Врач неопределенно пожевал губами, потом включил стоящий на столе вентилятор и блаженно улыбнулся.
– Да его, собственно, и не вскрывали. В тот день поступление было очень большое, родственники опять же набежали, словом, светопреставление! Но и без вскрытия все было ясно. Очевидное поражение ударом электричества большой мощности. Скорее всего, в него попала молния. Ведь над площадью в тот злополучный час разразилась гроза. Так что попадание молнии вполне вероятно. Он был даже чуть-чуть обуглен. И одежда частично сгорела. Именно этим и объяснила гражданка Угрюмова отсутствие у него каких-либо документов. Сгорели, говорит. Хотя, на мой взгляд, не похоже… Впрочем, кто его знает…
– А были ли еще в тот день пострадавшие от удара молнии?

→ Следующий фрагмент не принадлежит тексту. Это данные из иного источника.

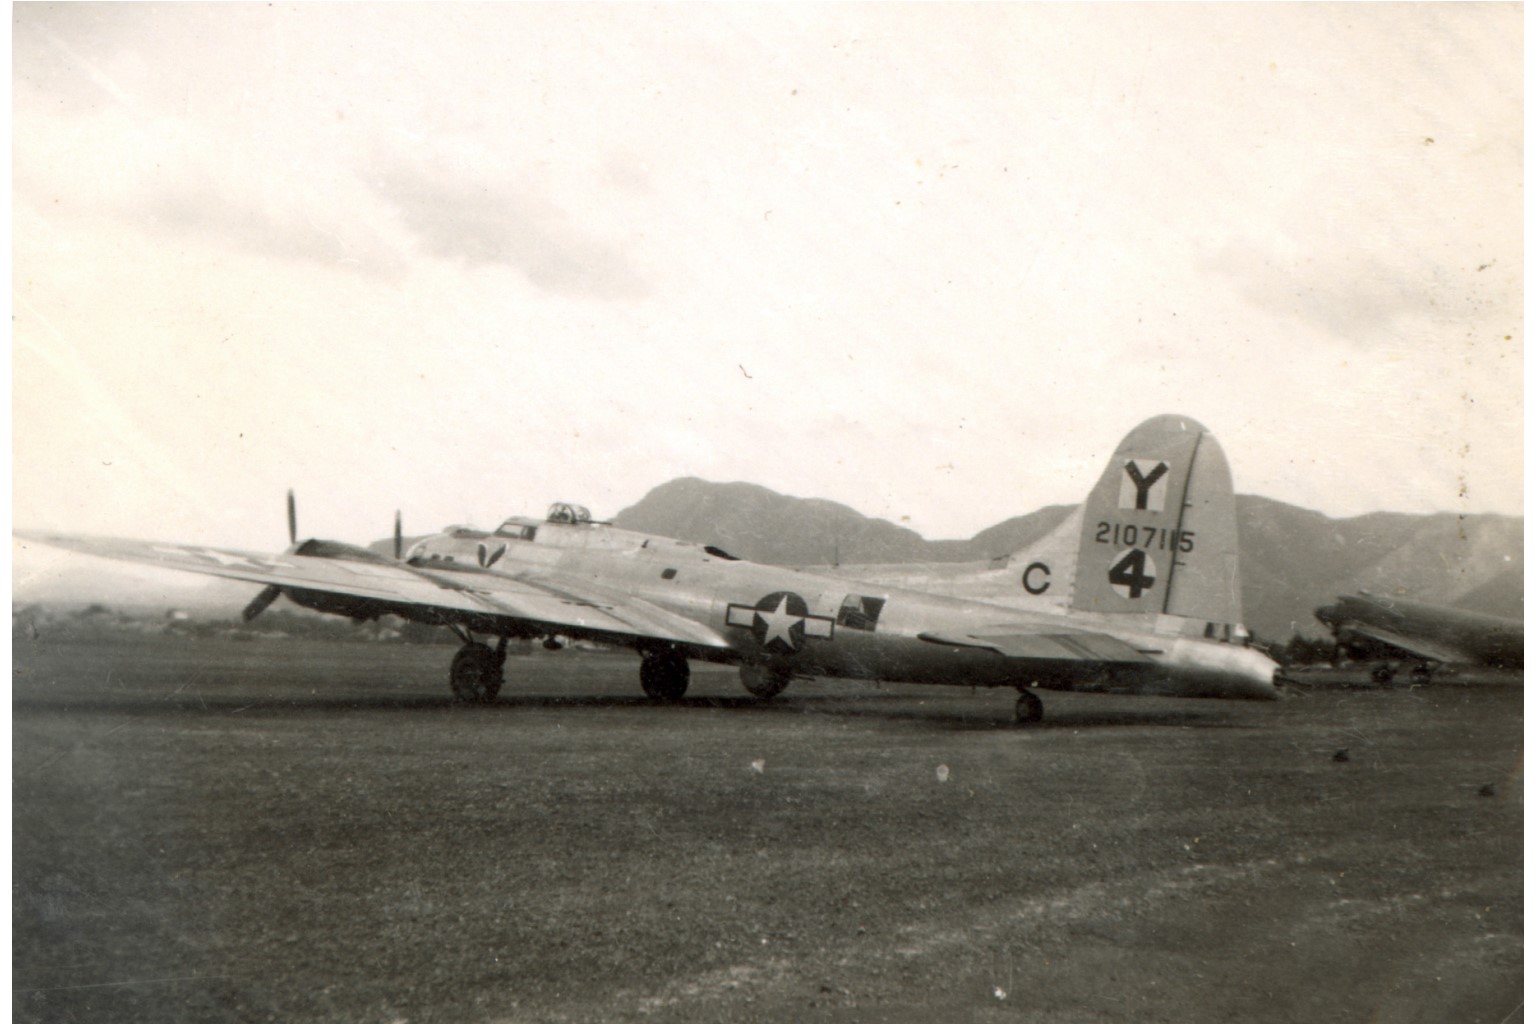 B-17 42-107115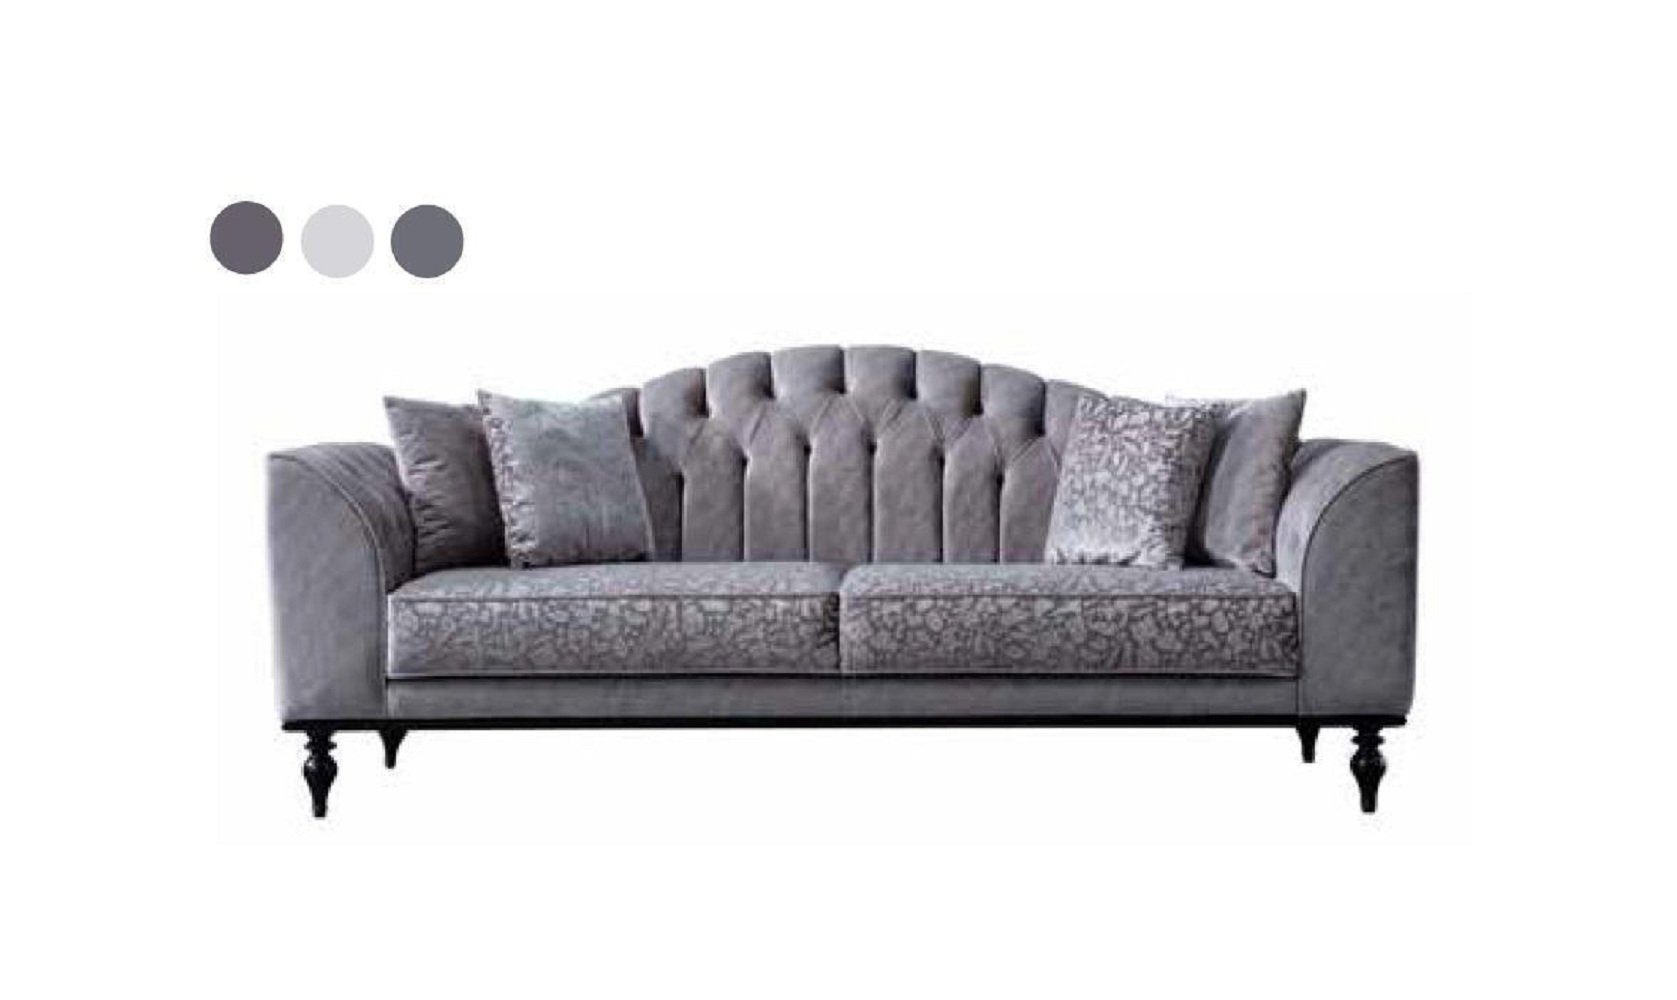 JVmoebel 3-Sitzer Europe Sofa Made Grau Teile, Dreisitzer Holz, Sofa 1 in Luxus Textil Couch Moderne Wohnzimmer

– Вы знаете, не было. Это и неудивительно. Молнии не так уж часто попадают в людей. В тот день, сами понимаете, было значительно больше погибших по другим причинам: затоптанных, забитых и даже застреленных. Денек, доложу вам, на моей памяти один из самых тяжелых. – Он внимательно посмотрел на Шебалина и усмехнулся. – А что, собственно, натворил этот гражданин?
– Он – душевнобольной, сбежавший из лечебницы.
– Неужели? И побежал прямо к своим родственникам. Маловероятно.
– А куда ему еще бежать?
– Ну я не знаю… Обычно родственники туда как раз и сдают. Хотя все может быть… Лицо его показалось мне странным…
– То есть?
– Застывшим, словно у куклы.
– Но ведь у всех мертвых лица как у кукол?
– Не скажите… – Он задумался. – У этого лицо было застывшее, но как будто живое. Я, грешным делом, подумал, не в обмороке ли он. От поражения электротоком бывают, знаете ли, затяжные обмороки, очень, правда, редко, но случаются. Проверили пульс, зрачки… Мертвый! Вот, собственно, и все. Поговорите с санитарками, может быть, они смогут что-нибудь добавить.
Санитарки в этот час обедали. Они сидели в небольшой чистенькой комнате. На столе лежали сало, хлеб, помидоры. Шебалин зашел в тот момент, когда одна из них, крупная пожилая женщина, с остатками былой красоты на лице, резала сало аккуратными ломтиками.
Шебалин заметил, как ловко она орудует острым медицинским ножом, и подумал, что, должно быть, так же сноровисто она управляется и с трупами. Женщин, видимо, ни в какой мере не смущало, что за стеной этой комнаты лежат умершие. Пожилая, видимо, прочитала мысли Шебалина.
– Им гнить, нам жить, – усмехнувшись, сказала она.
– Поесть не дадут! – недовольно сказала вторая санитарка, помоложе, с испитым мрачноватым лицом.
Шебалин извинился, пожелал приятного аппетита и сказал, что подождет на улице.
– Подожди, милок, подожди, – откликнулась пожилая и положила на кусок хлеба ломоть сала.
Шебалин от нечего делать побродил вокруг морга, снова поразившись запущенности этого места, потом стал изучать поломанные статуи скорбящих перед входом. Он так и не смог определить, к какому полу они принадлежат.